The secret to read-alouds
By Alex on February 5th, 2013
In this post, Wendy Murray of Scholastic Teaching Resources talks with teacher and author Maria Walther to get practical advice for how primary teachers can meet the Common Core State Standards by ramping up read-alouds.
Murray: The Common Core State Standards Initiative advises students read increasingly complex texts more deeply. As a first grade teacher, how are you responding to this issue?
Walther: I think if we stay true to the notion that reading is a thinking process, we can address complexity and depth authentically in K-2. I am inviting my first graders to do a lot more thinking aloud—talking about the books we read and honoring the thinking they have already done. Then, as we read complex texts together, I nudge them to think more deeply about the big ideas, themes, author’s purpose, and so on. Coupled with that, I am searching for texts that have complex concepts to spark conversations.
Murray: What are some examples of complex texts?
Walther: One of my favorites is The Can Man by Laura E. Williams , the story of a homeless man who is collecting cans to buy a winter coat and a young boy who decides to collect them to save up for a skateboard. A book like this invites conversations about needs and wants, and themes of poverty and inequity. Another title that yields complex thinking is Each Kindness by Jacqueline Woodson. In January and February, I read aloud a chronological collection of picture books and informational texts about United States history—the Underground Railroad (Underground) , Jim Crow laws (Ruth and the Green Book), the Civil Rights era (Freedom on the Menu)—not only because it builds students’ content knowledge, but because these books tend to be meaty enough to usher in rich oral thinking and conversation.
Murray: And just how do these books come into play? Read-Alouds? Small Groups? Independent Reading?
Walther: All of the above! But I would say that if primary teachers select their read-aloud texts well, it has the power to transform their teaching. Of course, many times I read aloud the whole book without pausing so we can simply enjoy it, but later we might go back to specific pages and help listeners go deeper.
Murray: How do you get seven-year-olds to do that kind of deep dive?

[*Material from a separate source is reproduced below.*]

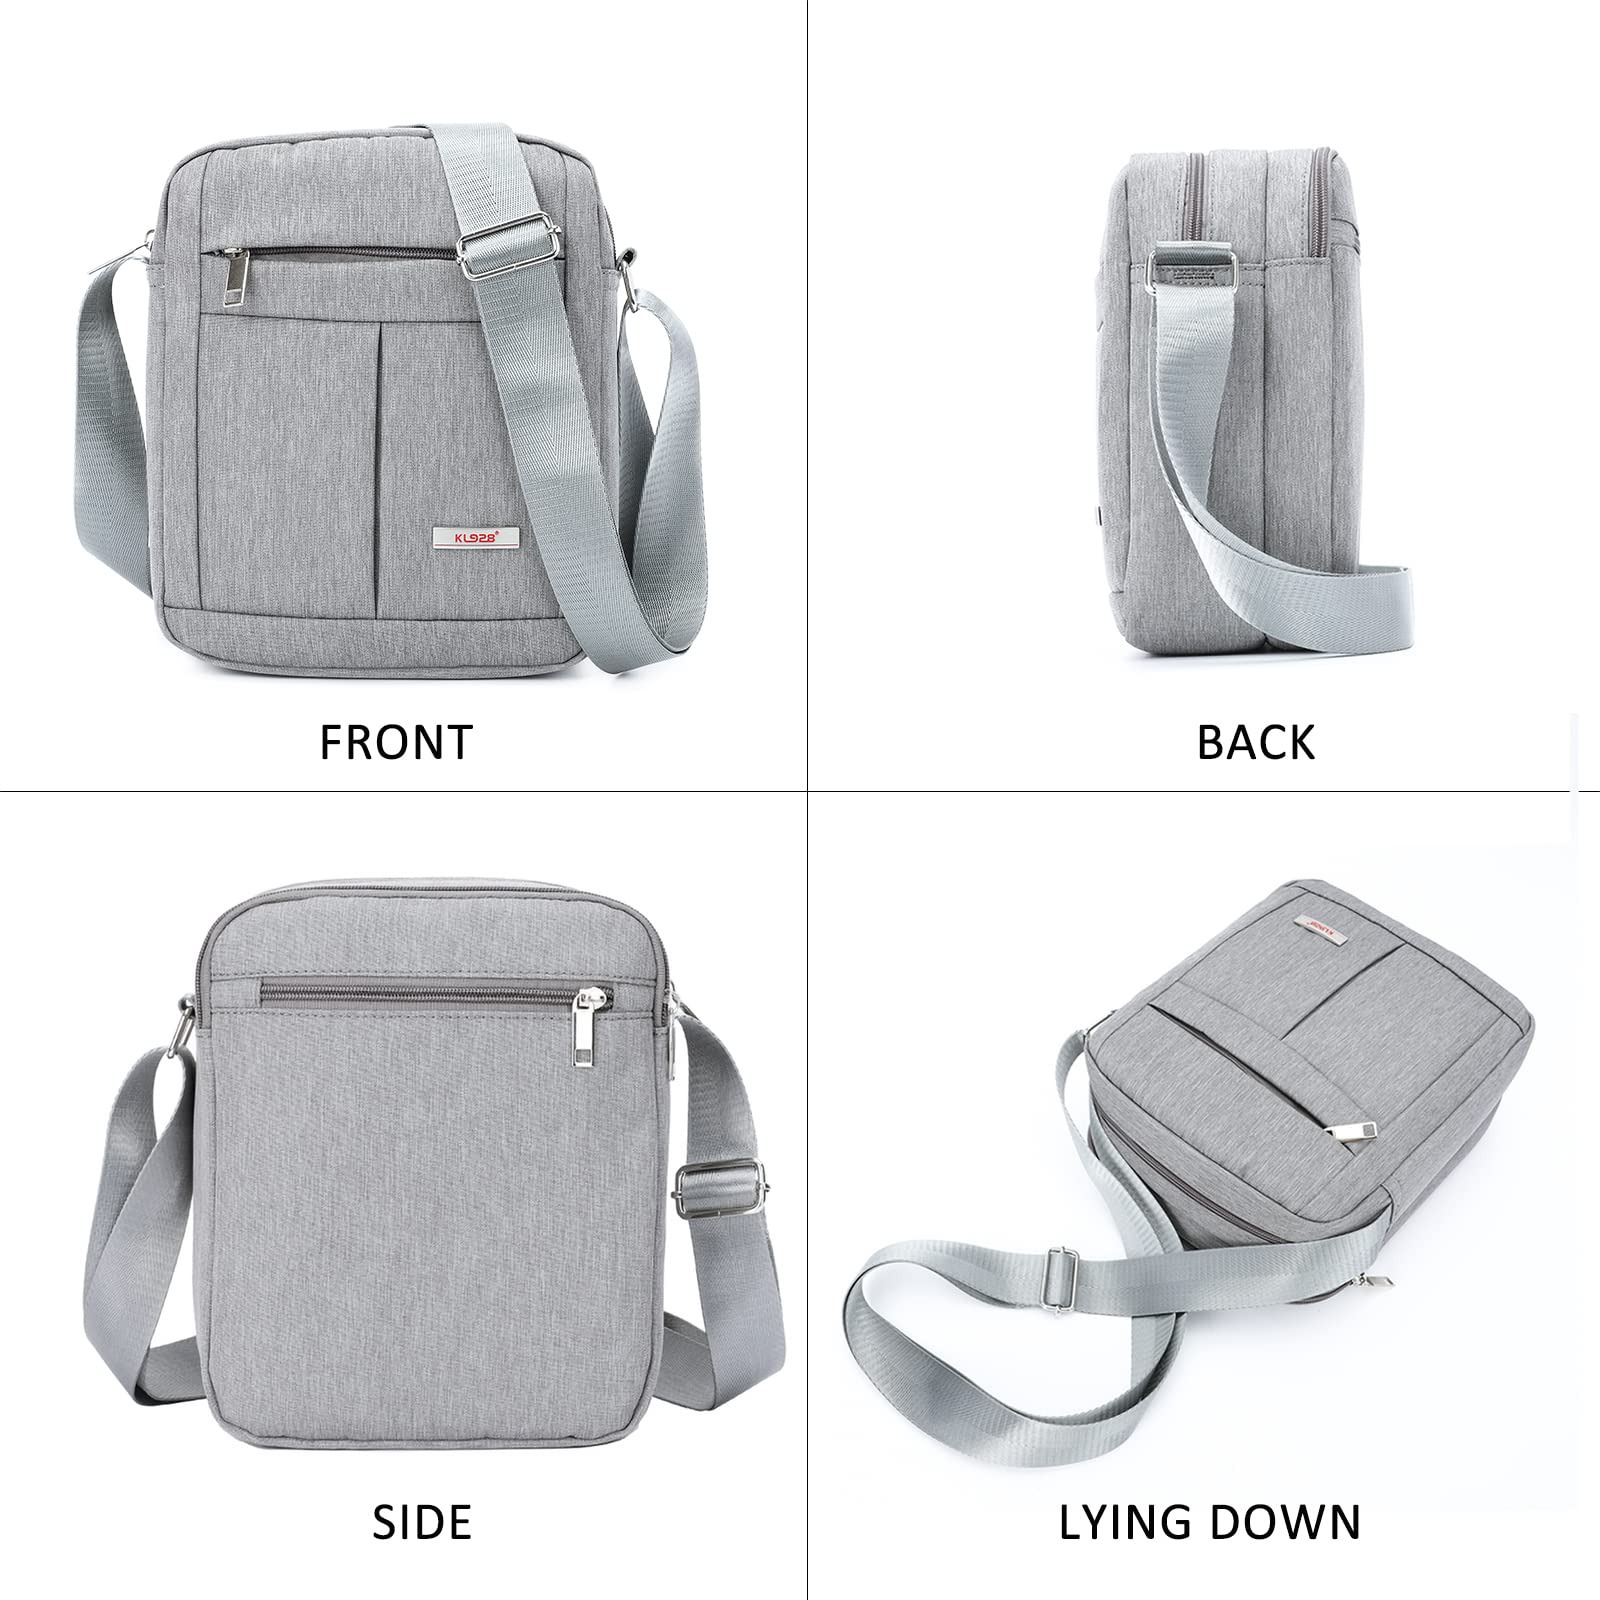  KL928 Men's Messenger Bag - Crossbody Shoulder Bags Travel Bag  Man Purse Casual Sling Pack for Work Business (1401-2-Black)

Walther: Ask big questions and you’ll get big thinking. Start by keeping it open ended. “What did you notice?” See what students say and build from there, always remembering to follow up with, “Why do you think that? What part of the text/illustrations helped you understand that?” It works well to look at a book from the perspective of a reader and the perspective of a writer. Reading from the writer’s perspective helps learners better understand craft and structure. With any picture book, you can ask, “What do you think the writer was thinking when she did this? Why would she choose to do that?” Or you can pose questions about the visual choices of the illustrator. “How do you think the illustration supports and enhances the words?” Think of read-alouds as a way to launch a continual dialogue about books throughout the day, and from day to day.
Murray: How many read-alouds do you recommend each day?
Walther: I’d say five read-alouds a day. In the morning, in the afternoon, during reading and writing workshop, during science or social studies… I am not necessarily reading the whole book—maybe just a little section to point out a terrific lead, or to introduce a science topic. To keep myself on track, I keep a read-aloud tally , marking a tally for each read-aloud experience we have together. Last year we had 790!
Murray: Wow! Five a day. So there’s a kind of “you gotta be in it to win it” mechanism to it?
Walther: Yes, there is. If we want children to integrate meaning and ideas across texts, they have to have experiences hearing a lot of texts. They need a rich textual lineage—a wealth of reading experiences from which to draw. We are setting ourselves up for failure if we put forth all these grand ideas of voluminous independent complex text reading, but then don’t offer students voluminous, joyful reading experiences each and every day.